= Data segment =

++++

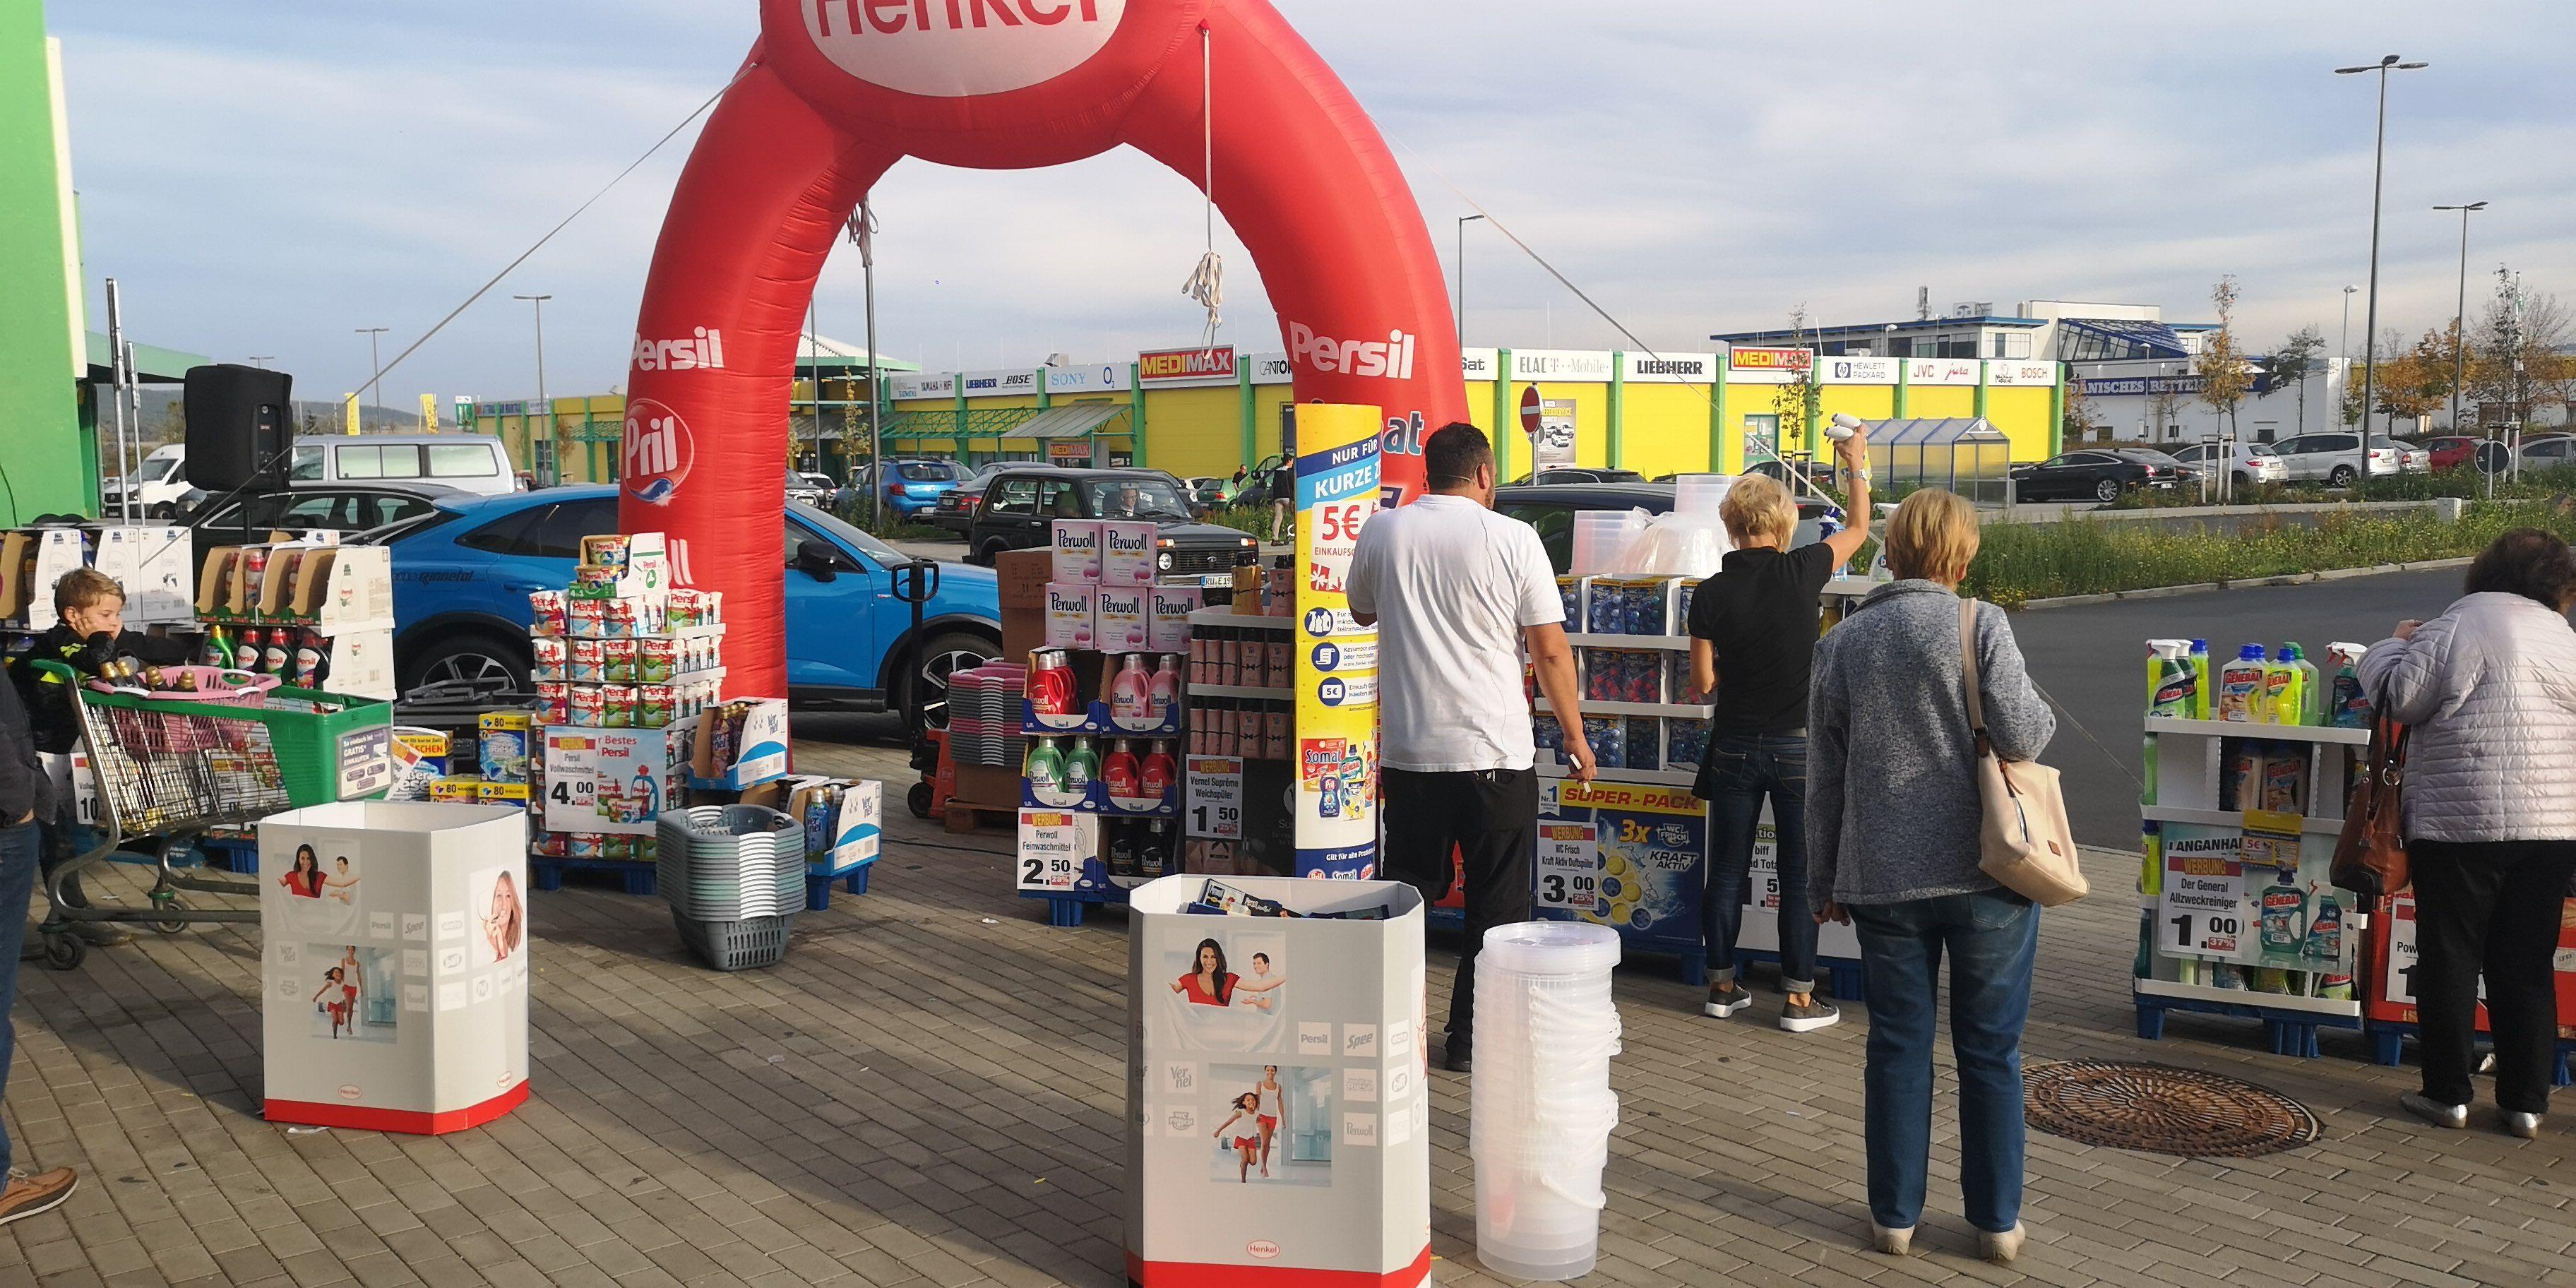 [Lokal Saalfeld 07318 vor Marktkauf] alle Reinigungs- & Waschmittel sämtlicher Art bis zu 50% reduziert (bei 10€ Einkauf sogar 75%)
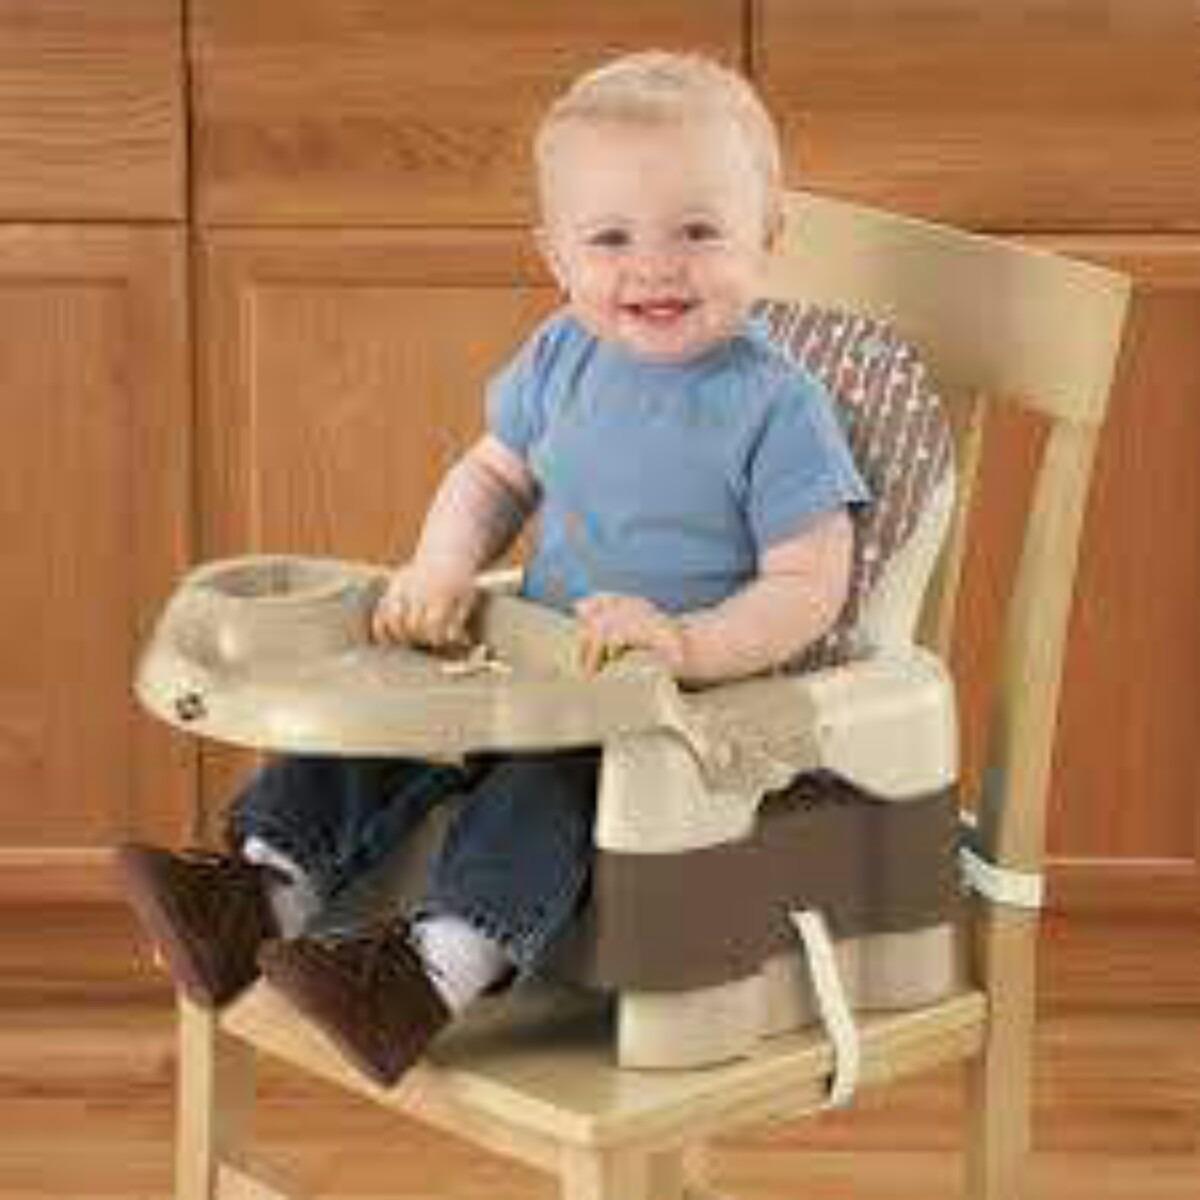 Silla de comer port til safety en mercado libre - Silla para comer bebe ...
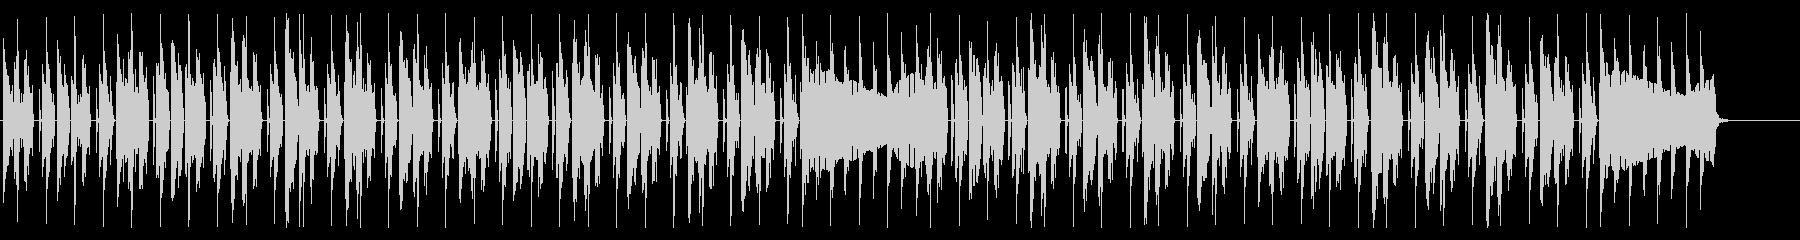 怪しげなダンジョンを意識したBGMの未再生の波形

++++

= Assignment =
Output the listing above in full and exactly, with pictures excluded.

= Exercise answer =
 [Lokal Saalfeld 07318 vor Marktkauf] alle Reinigungs- & Waschmittel sämtlicher Art bis zu 50% reduziert (bei 10€ Einkauf sogar 75%)
 Silla de comer port til safety en mercado libre - Silla para comer bebe ...
 怪しげなダンジョンを意識したBGMの未再生の波形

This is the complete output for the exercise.